Alice Walker is a talented novelist and poet. She is also a lifetime social activist and the one who coined the term “womanist” (in “Coming Apart,” her 1979 short story).

Walker was born in Georgia, the youngest of her sharecropper parents’ eight children. She was an excellent student, and upon graduating from high school she received a scholarship to prestigious (HBCU) Spelman College in Atlanta. Howard Zinn was one of her professors there.

Under the direction of SNCC, Alice and many other Spelman students joined the effort to desegregate Atlanta. They were supported by Prof. Zinn—who subsequently was fired in the summer of 1963. Because of that, Alice transferred to Sarah Lawrence College in New York and graduated in 1965.

Through the 1970s Walker was active both as a teacher and an author, and then 40 years ago, in 1982, The Color Purple, her third novel was published. The next year she became the first African American woman to win the Pulitzer Prize for fiction.

The Color Purple is a feminist work about Celie, an abused and uneducated African American woman’s struggle for empowerment. According to Britannica, among other things the novel was “praised for the depth of its female characters and for its eloquent use of Black English Vernacular.”

Here is a short conversation between Shug and Celie that shows some of that vernacular—and indicates where the title of the book came from:

Listen, God love everything you love—and a mess of stuff you don’t. But more than anything else, God love admiration. You saying God vain? I ast. Naw, she say. Not vain, just wanting to share a good thing. I think it pisses God off if you walk by the color purple in a field somewhere and don’t notice it (Kindle ed., p. 195).

The same Britannica article goes on to say, “The Color Purple movingly depicts the growing up and self-realization of Celie, who overcomes oppression and abuse to find fulfillment and independence.”  

The novel is a classic, for there are many today who need to overcome oppression and abuse the same as Celie did 100 years ago. More broadly, as a theology professor in Australia writes, The Color Purple is

both a cry of rage and protest against the injustices and inhumanity we humans inflict on one another, and a stubborn affirmation of hope in the midst of suffering, of endurance against all odds, of a kind of triumph in the end as we become more and more who we truly are.*

The Color Purple is also a book about God. The above quote from the book is just one of many referring to God.

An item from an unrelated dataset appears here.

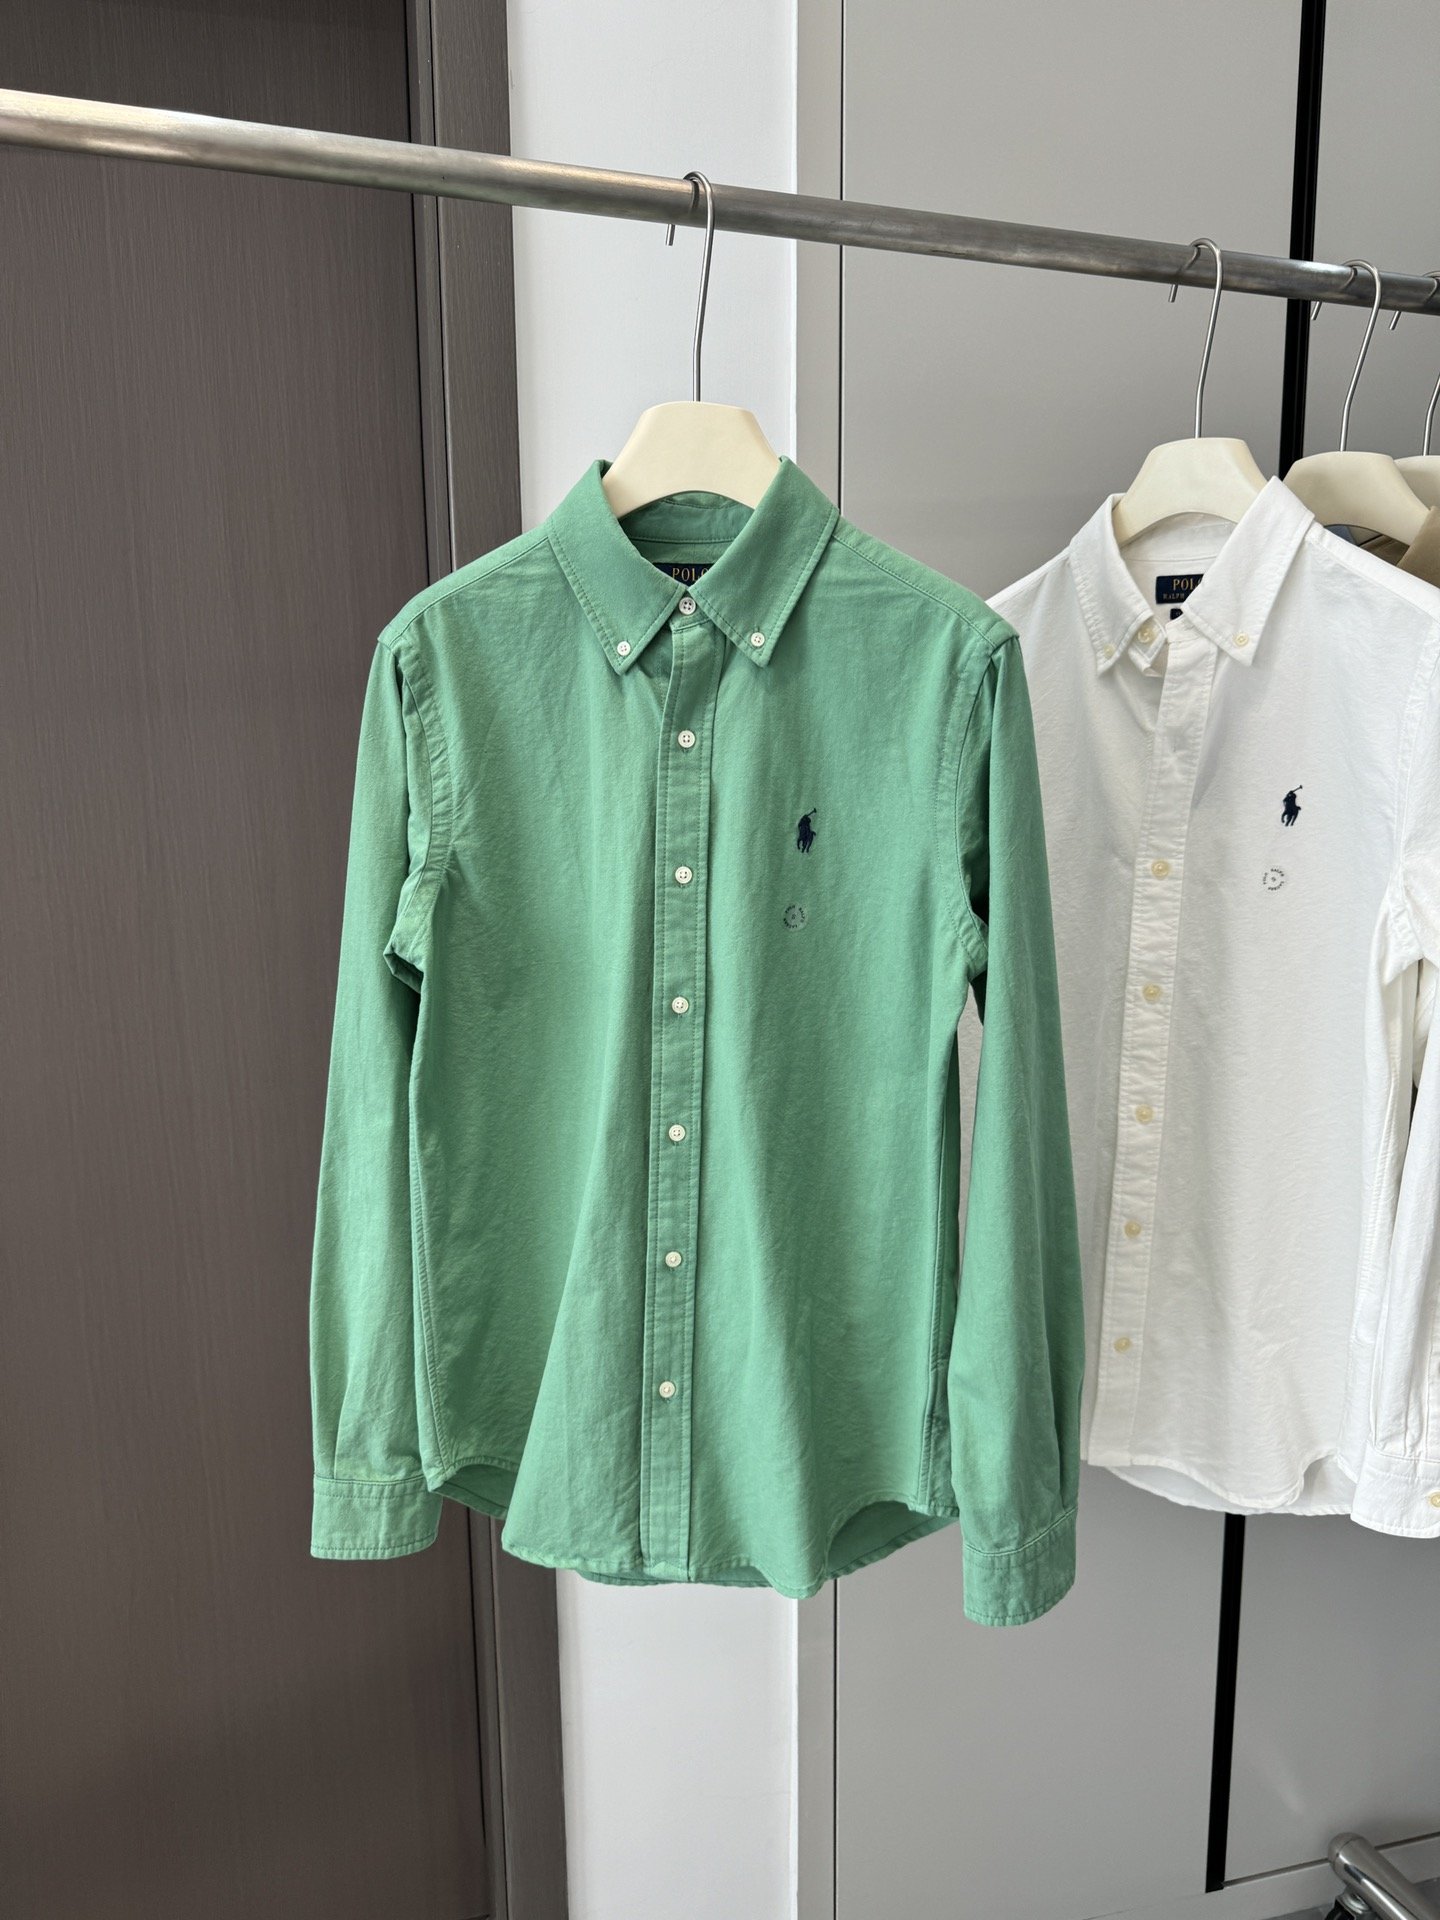 绿色\n上身很高级/绝对是衬衫面料中的极品✅\n拉夫的亮色兜很出色，复古美式的那种感觉。

The author herself said in a 2006 interview, “Twenty-five-years later, it still puzzles me that The Color Purple is so infrequently discussed as a book about God. About ‘God’ versus ‘the God image.’”**

The blogger cited above explains that Walker clearly holds a panentheist view of God in which “the divine is deeply immanent within everything, a faithful creator and life-giving Spirit. She revolts against the intellectual idolatry that reduces God to the white, to the male, to the human.”

And Walker herself states that the “core teaching of the novel” is delivered by Shug, who says to Celie, “I believe God is everything, . . . Everything that is or ever was or ever will be. And when you can feel that, and be happy to feel that, you’ve found it” (Kindle ed., p. 194).

In his Sermon on the Mount, Jesus said, “Look how the wild flowers grow. They don't work hard to make their clothes. But I tell you that Solomon with all his wealth wasn't as well clothed as one of them(Matt. 6:27-28, CEB).

Perhaps when he said this, Jesus was looking out over a field of wild flowers and admiring the color purple.

_____

* Michael O’Neil in a 2016 blog post.

** From the Introduction of the book in the Kindle version (loc. 80).